= Assignment =
Could you repeat the whole listing below exactly, omitting any picture it holds?

= Supplied information =
+ + + +
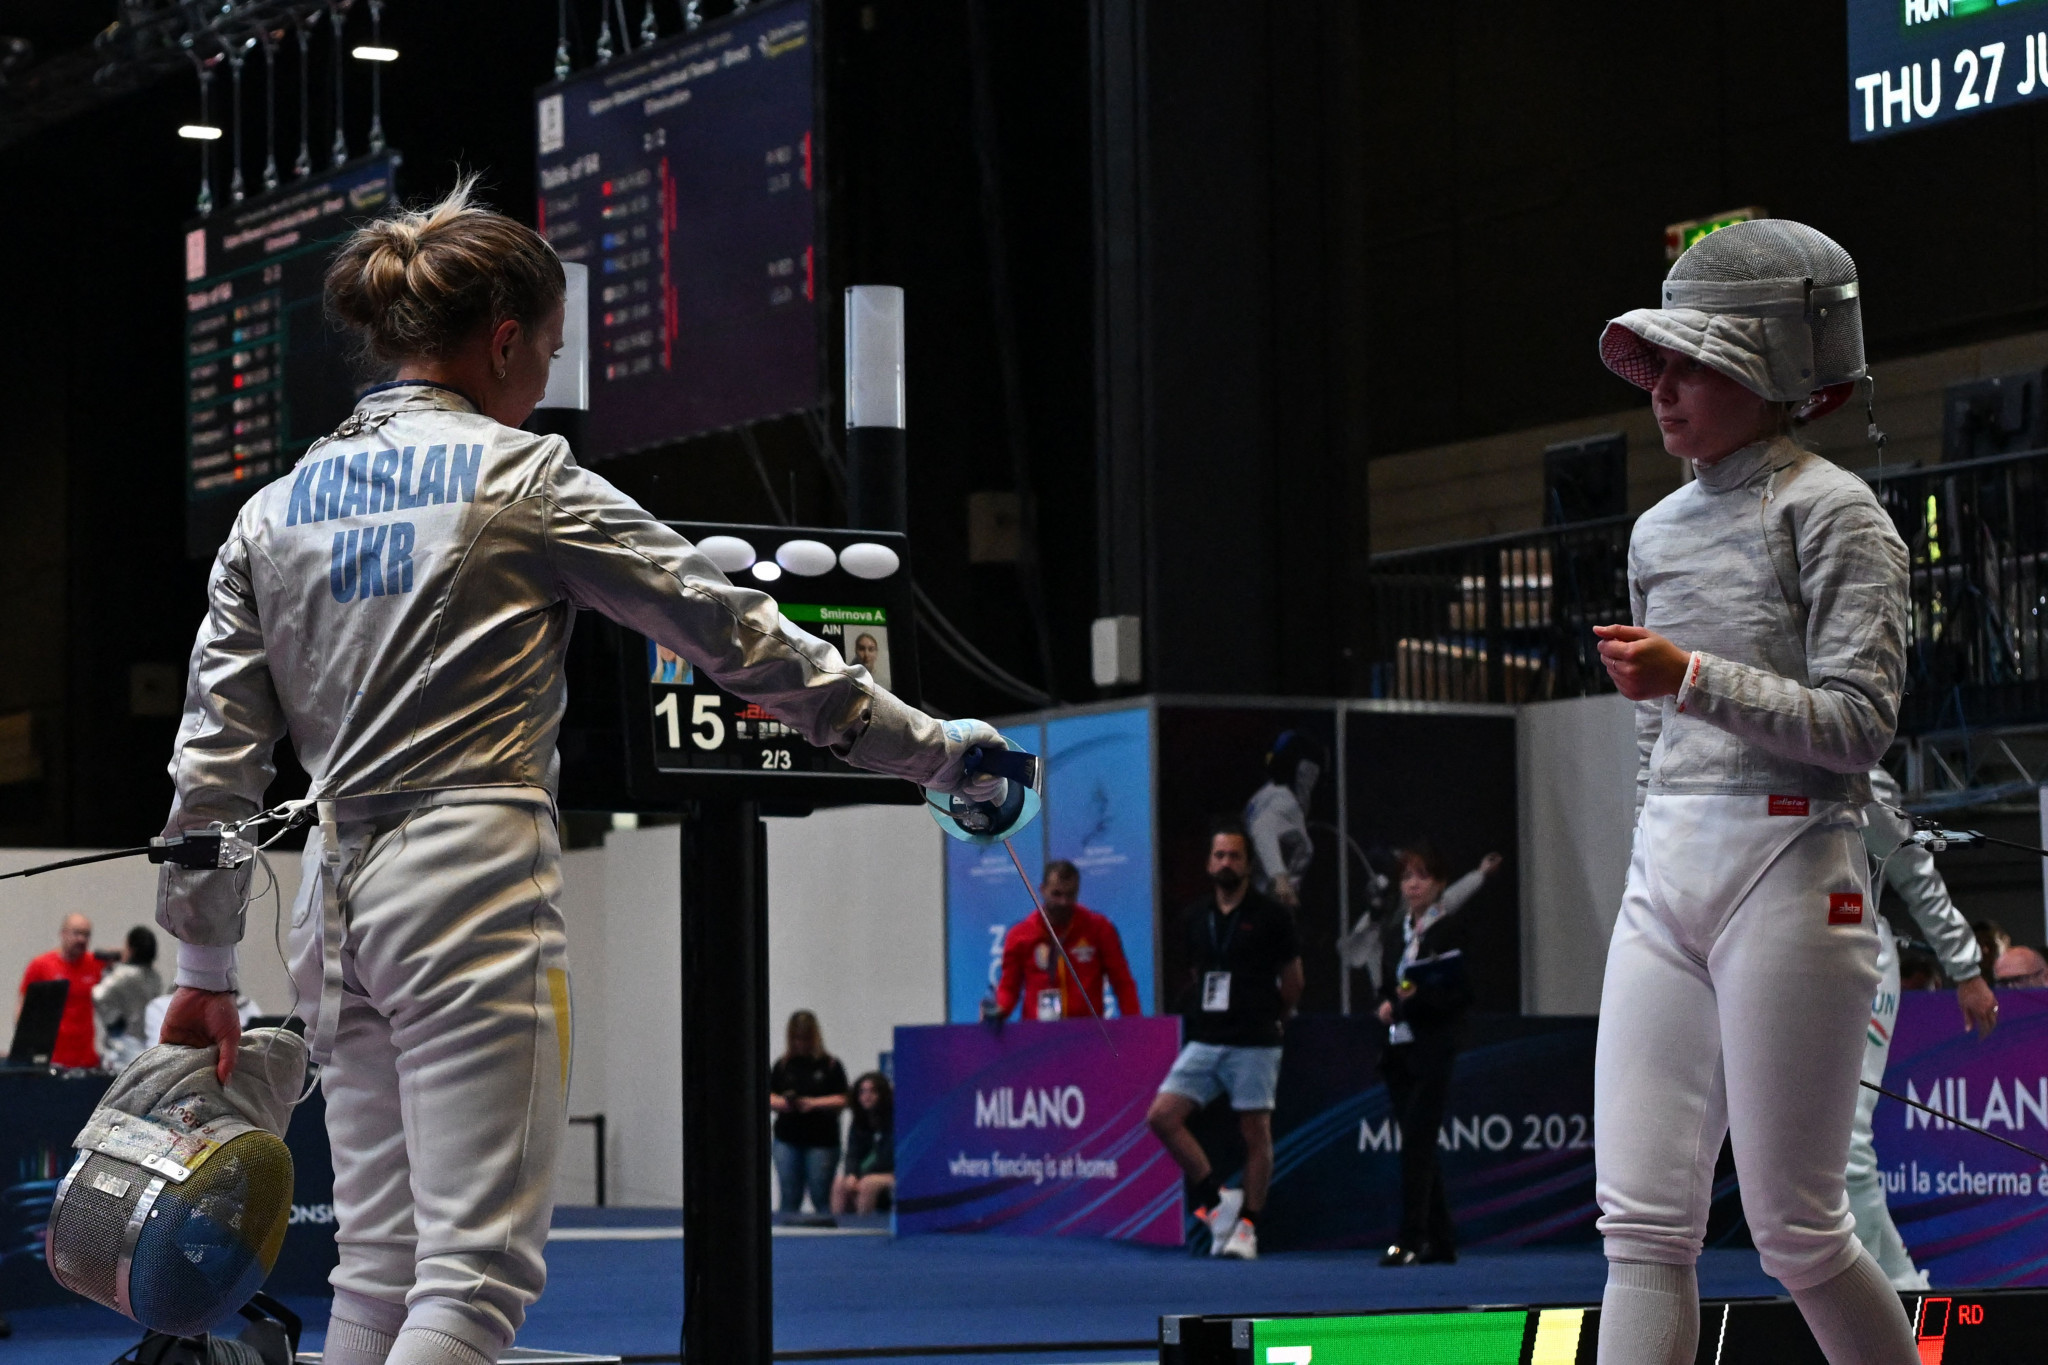 The Ukrainian Fencing Federation has called upon the IOC to address the FIE's 
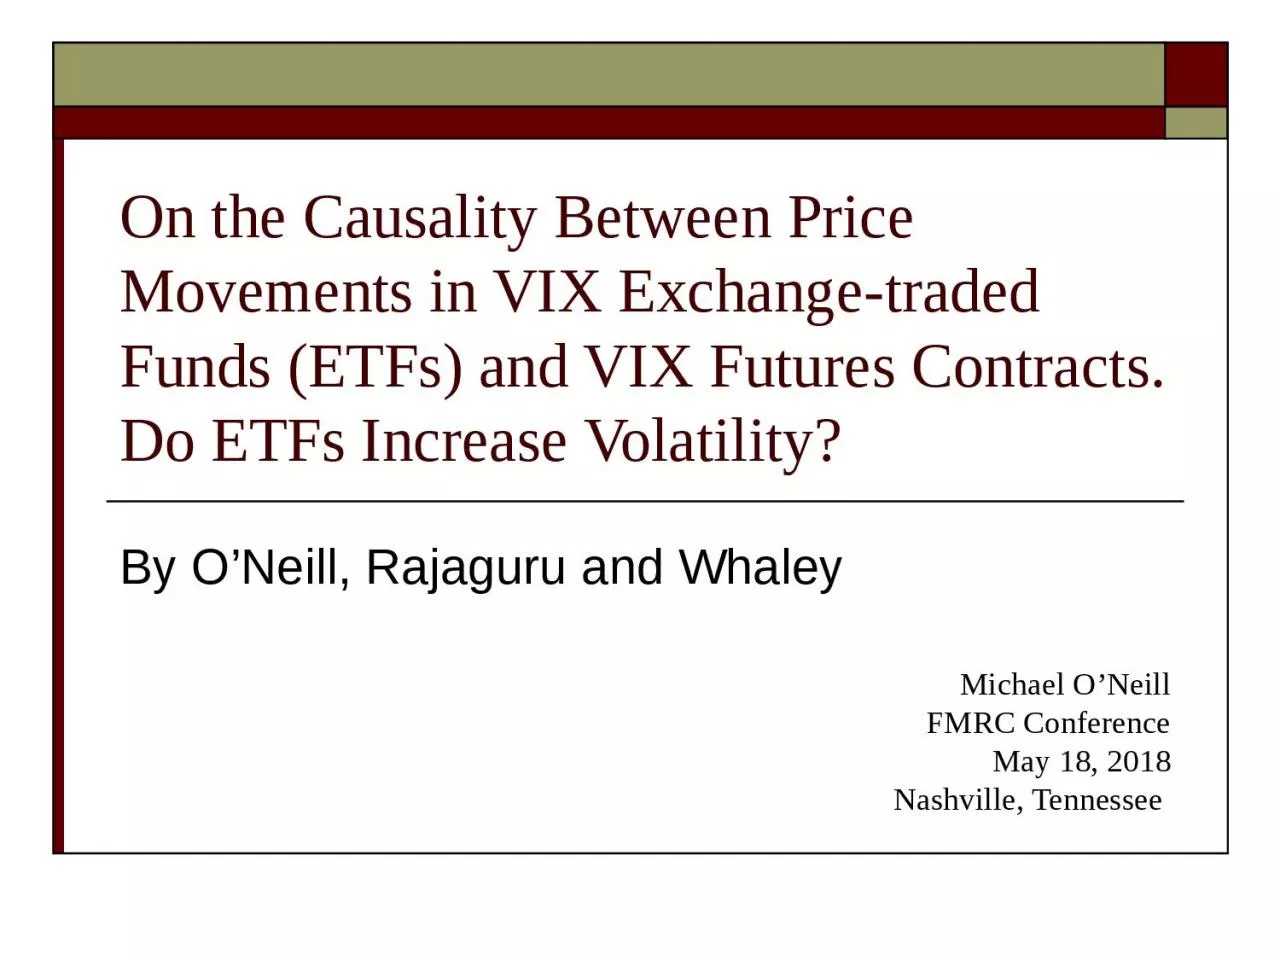 On the Causality Between Price Movements in VIX Exchange-traded Funds (ETFs) and VIX Futures
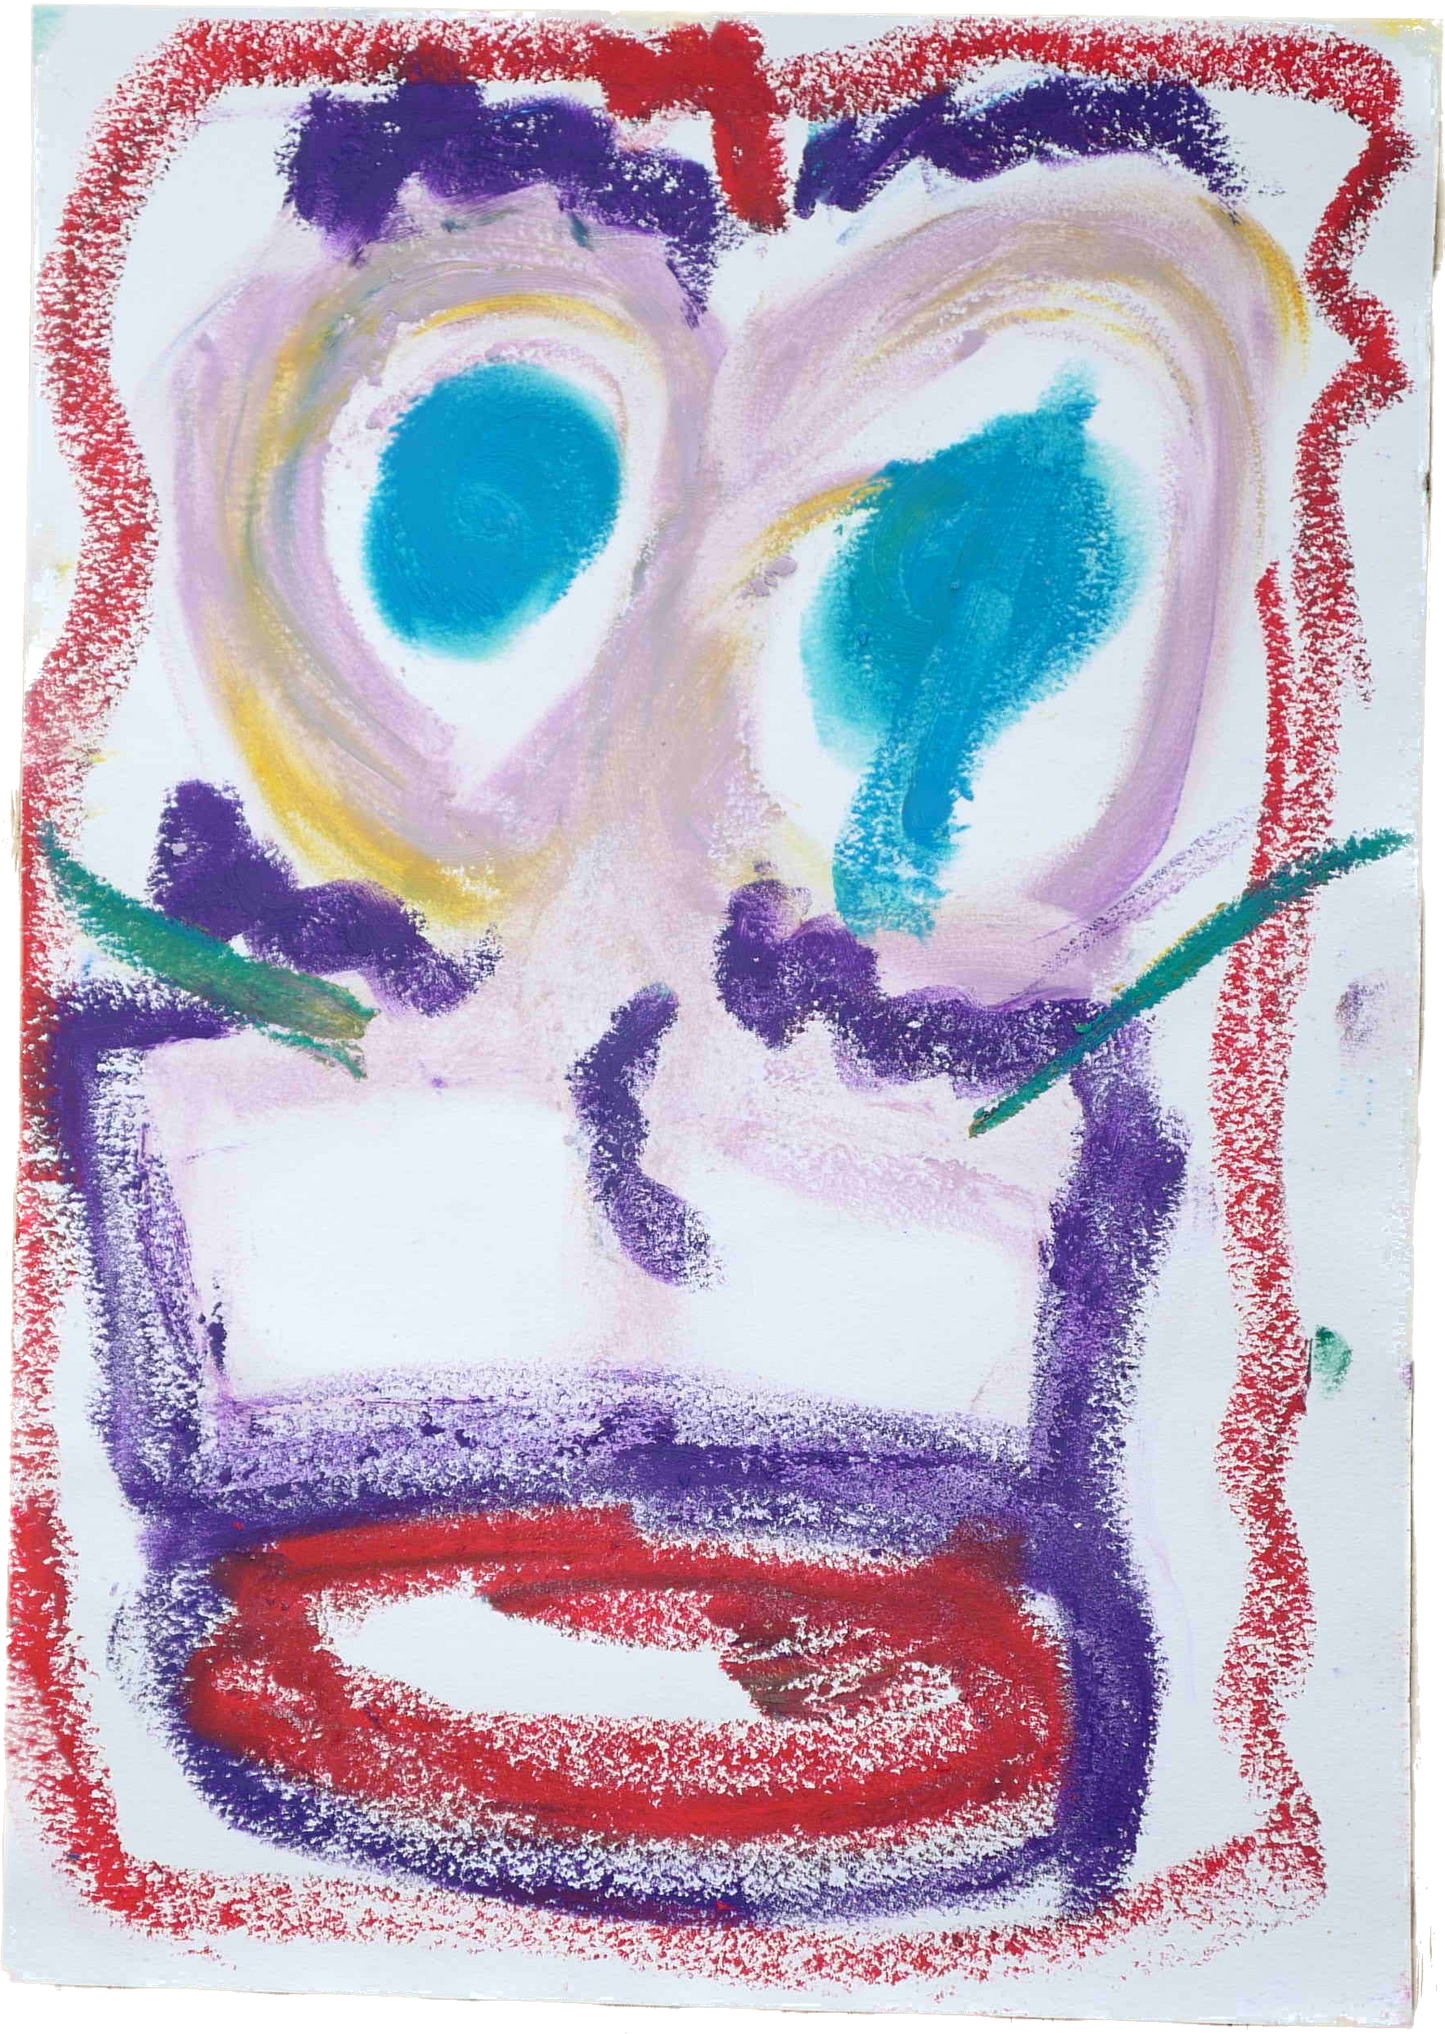 Lenfantvivant abstract expressionist face" "Vivid abstract visage on paper" "Edvard Munch style emotional art by Lenfantvivant" "Intense abstract facial expression in contemporary art" "Sauna Fusion No. 125 with emotive color interplay"
+ + + +
= Written solution =
 The Ukrainian Fencing Federation has called upon the IOC to address the FIE's 
 On the Causality Between Price Movements in VIX Exchange-traded Funds (ETFs) and VIX Futures
 Lenfantvivant abstract expressionist face" "Vivid abstract visage on paper" "Edvard Munch style emotional art by Lenfantvivant" "Intense abstract facial expression in contemporary art" "Sauna Fusion No. 125 with emotive color interplay"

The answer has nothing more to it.